Note that other errors may be listed, some of which are actually benign. For example, the following error message does not represent a problem:

error 3 InitTypeRead( nt!_PEB at 7ffd5000)

As a general rule look for "Finished dump check".

 

 

Validating a Corrupt Dump In the Debugger

In addition to using Dumpchk, I recommend opening the memory dump in the debugger to look for some of the more common problems. Remember we're not actually debugging to determine the root cause of the crash. Instead we're looking for errors to validate the health of the memory dump so you don't waste your time sending us a bad memory dump file. It's easy to open a memory dump in the debugger.

1. Install the latest debugging tools package from the web. Download the correct platform, either x86 or x64.

2. Install the package. I recommend using C:\Debuggers for the install directory.

3. After the installation is complete, open Windbg and set the symbol path by selecting "File", then "Symbol File Path"

clip_image008

4. After clicking OK to set your symbol path, open the memory dump by selecting "File", then "Open Crash Dump". After opening the dump file, look for any of the conditions below.

NOTE: the following techniques are only applicable to Kernel memory dumps.

If you see the message, "KdDebuggerDataBlock is not present or unreadable" the dump is most likely corrupt. Several things can cause the corruption including a page file too small to accommodate the contents of memory, inadequate disk space to hold the dump, or perhaps a problem with the OS recognizing Dynamic Hardware Partitioning. This is only a partial list of things to check.

 

**************************************************************************

THIS DUMP FILE IS PARTIALLY CORRUPT.

KdDebuggerDataBlock is not present or unreadable.

**************************************************************************

Unable to read PsLoadedModuleList

**************************************************************************

THIS DUMP FILE IS PARTIALLY CORRUPT.

KdDebuggerDataBlock is not present or unreadable.

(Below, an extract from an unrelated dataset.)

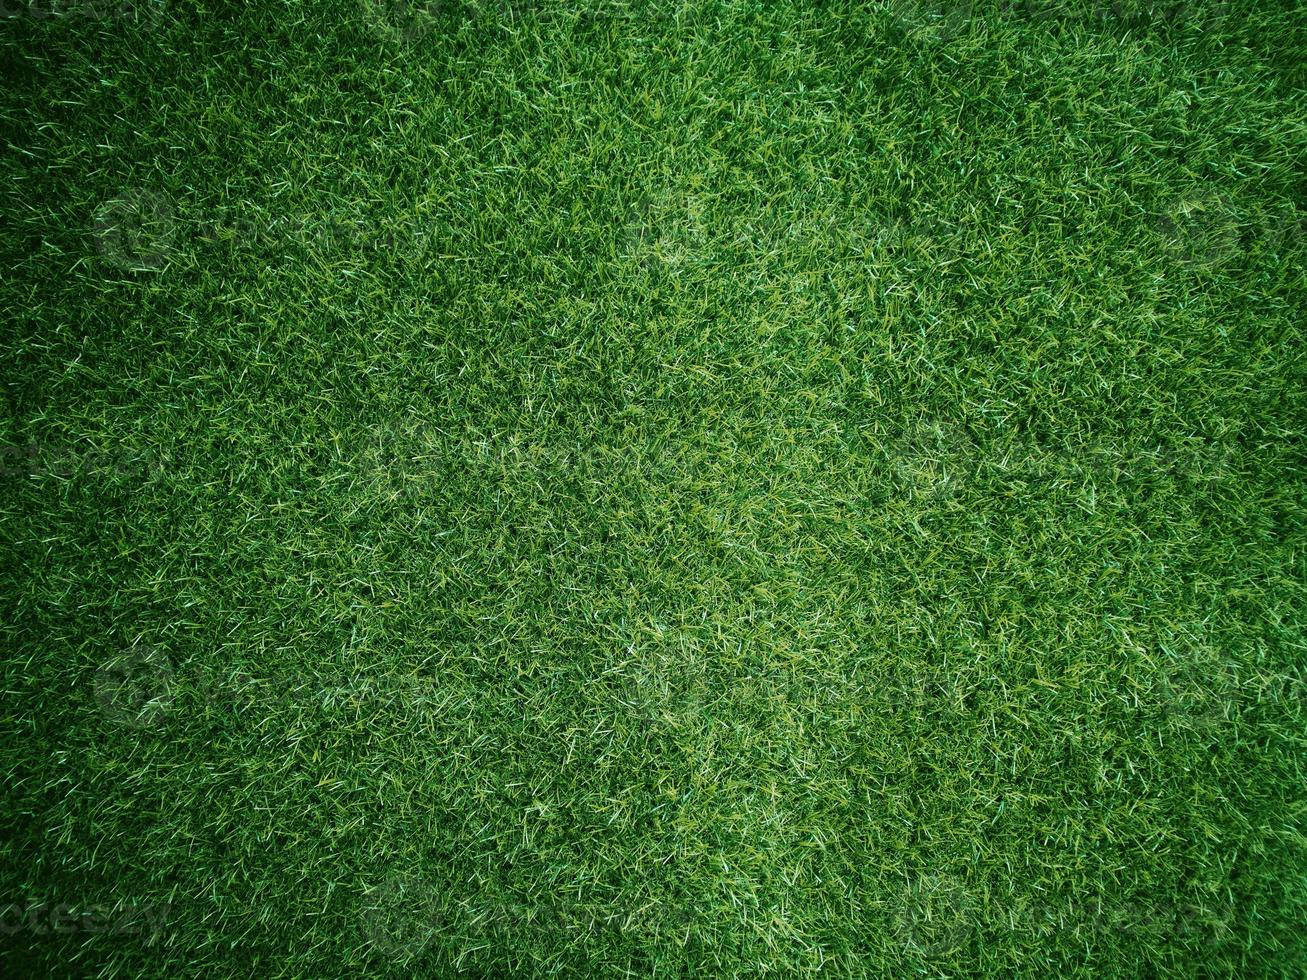 verde césped textura antecedentes césped jardín concepto usado para haciendo verde antecedentes fútbol americano paso, césped golf, verde césped modelo texturizado fondo... foto

**************************************************************************

I need to point out one caveat about the error above. If it is accompanied by I/O errors then chances are you're opening the dump located on a network share, and the debugger is having problems accessing the share.

Ignored in-page I/O error

Ignored in-page I/O error

Ignored in-page I/O error

Ignored in-page I/O error

Ignored in-page I/O error

Exception 0xc0000006 while accessing file mapping

Unable to read PsLoadedModuleList

Ignored in-page I/O error

Ignored in-page I/O error

Ignored in-page I/O error

Ignored in-page I/O error

Ignored in-page I/O error

Exception 0xc0000006 while accessing file mapping

Copy the dump to the machine where the debugger is installed and reopen it in Windbg. If you continue to see the KdDebuggerDataBlock is not present or unreadable error locally then the dump is corrupt.

If you see this message it simply means the symbol file path is incorrect. Check for typos in the 'Symbol Search Path' dialog box. Remember to point your symbol path to https://msdl.microsoft.com/download/symbols

*******************************************************************************

* *

* Bugcheck Analysis *

* *

*******************************************************************************

Use !analyze -v to get detailed debugging information.

BugCheck 50, {fffffff0, 0, 8086d649, 0}

***** Kernel symbols are WRONG. Please fix symbols to do analysis.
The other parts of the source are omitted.